John

Senior Cloud Engineer & Technical Lead

Building a Mental Model AI: How I Created a Learning-Focused Chat Mode

I was struggling to understand a complex distributed systems concept when I realized traditional learning approaches weren’t cutting it anymore.


The Problem

I’d been diving deep into Kubernetes networking architecture, and despite reading documentation, watching videos, and going through tutorials, I couldn’t build a solid mental framework. The pieces felt disconnected - I understood individual components but couldn’t visualize how they worked together or relate them to systems I already knew.

The breakthrough came when I realized I needed a different approach to learning. Technical documentation gives you facts, but it doesn’t help you build the cognitive scaffolding to truly understand and remember complex systems. I needed something that could create visual representations, use analogies I could relate to, and build knowledge progressively.

That’s when I decided to create a specialized AI chat mode focused entirely on building mental models.


The Mental Model Builder Approach

The Mental Model Builder chat mode is designed around how our brains actually learn and retain complex information. It follows specific principles:

Visual Learning First

Every explanation MUST include a Mermaid diagram. This isn’t optional - visual representations help encode information in multiple ways, making it easier to recall and understand relationships between components.

Structured Knowledge Building

The mode follows a specific output format with required sections:

  • Core Concept: The fundamental idea explained simply
  • Mental Model: Visual diagram and analogies
  • Real-World Mapping: How this connects to familiar systems
  • Progressive Complexity: Building from simple to advanced
  • Memory Anchors: Specific techniques for retention

Technology-to-Reality Mappings

This was the game-changer for me. Complex technical concepts become understandable when mapped to familiar real-world systems:

  • Async operations = Restaurant kitchen order system (orders come in, kitchen processes in parallel, meals come out when ready)
  • Load balancers = Hospital reception desk (distributes patients to available doctors based on capacity)
  • Container orchestration = City traffic management system (routes containers like traffic to optimal destinations)
  • Database sharding = Library system with multiple branches (data distributed across locations for efficiency)


The Automatic Organization System

One of the most valuable features is the automatic file organization. Every learning session gets saved to structured directories:

learning-notes/
├── concepts/
│   ├── distributed-systems/
│   ├── kubernetes/
│   └── databases/
├── visual-models/
│   ├── diagrams/
│   └── mind-maps/
└── practice-exercises/
    ├── scenarios/
    └── implementations/

This creates a personal knowledge base that grows over time. Instead of losing insights in chat history, everything gets preserved in an organized, searchable format. I can review previous mental models, build on them, and connect new concepts to existing knowledge.


How Visual Learning Transforms Understanding

The requirement for Mermaid diagrams in every explanation isn’t just aesthetic - it’s based on dual coding theory. When we encode information both verbally and visually, retention increases dramatically.

Here’s what I noticed after using this approach:

  • Faster pattern recognition - Visual patterns help identify similar structures in new systems
  • Better debugging - Mental models help predict where problems might occur
  • Improved system design - Understanding relationships leads to better architectural decisions
  • Enhanced recall - Visual and analogical anchors make information stick

The progressive complexity building is crucial too. Instead of jumping into advanced concepts, the mode builds understanding layer by layer, ensuring each foundation is solid before adding complexity.


The Mental Model Builder Chat Mode

You can get the Mental Model Builder chat mode from this GitHub Gist.
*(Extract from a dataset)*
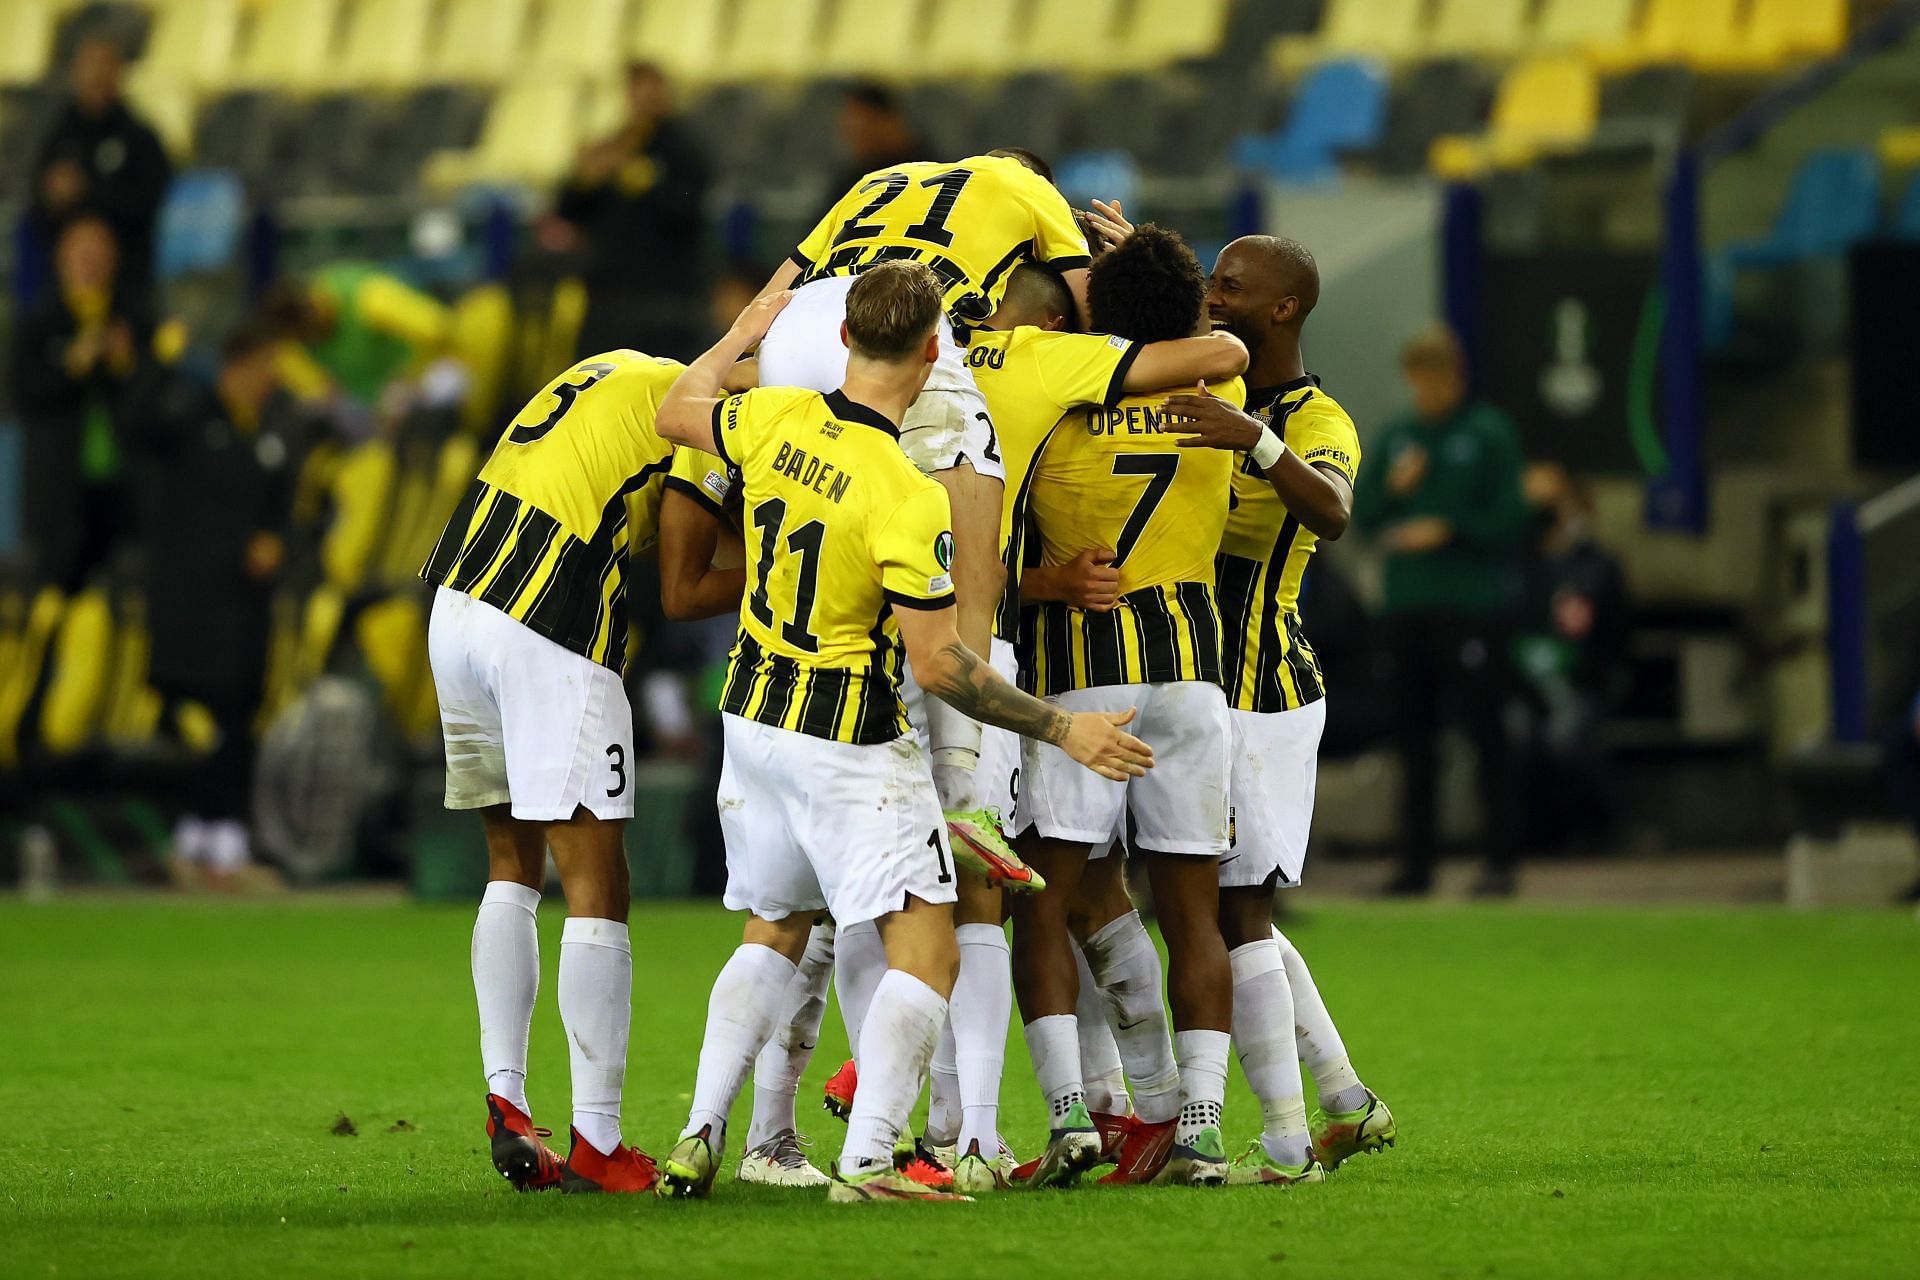 Vitesse will host Waalwijk on Sunday

The Learning Transformation

Since implementing this approach, my ability to understand and retain complex technical concepts has improved dramatically. The visual diagrams help me see patterns across different technologies. The real-world analogies make abstract concepts concrete. The progressive building ensures I don’t skip foundational understanding.

Most importantly, the organized knowledge base means my learning compounds. New concepts connect to existing mental models, and I can quickly review and build upon previous understanding.

The automatic file organization turned out to be more valuable than I expected. Having a searchable repository of mental models means I can quickly refresh my understanding of concepts I learned months ago, or find connections between seemingly unrelated topics.


Key Learnings

  • Visual representation is non-negotiable - Every concept needs a diagram to be truly understood
  • Analogies accelerate comprehension - Real-world mappings make abstract concepts concrete
  • Progressive complexity prevents confusion - Build foundation before adding advanced features
  • Organization enables compound learning - Structured knowledge bases grow more valuable over time
  • Memory encoding requires multiple pathways - Visual, verbal, and analogical approaches together work better than any single method
  • Active file management creates lasting value - Automatic organization prevents knowledge loss

If you’re struggling to understand complex technical concepts or find yourself re-learning the same things repeatedly, try building a mental model approach. The combination of visual learning, structured organization, and real-world analogies might transform how you learn and retain technical knowledge.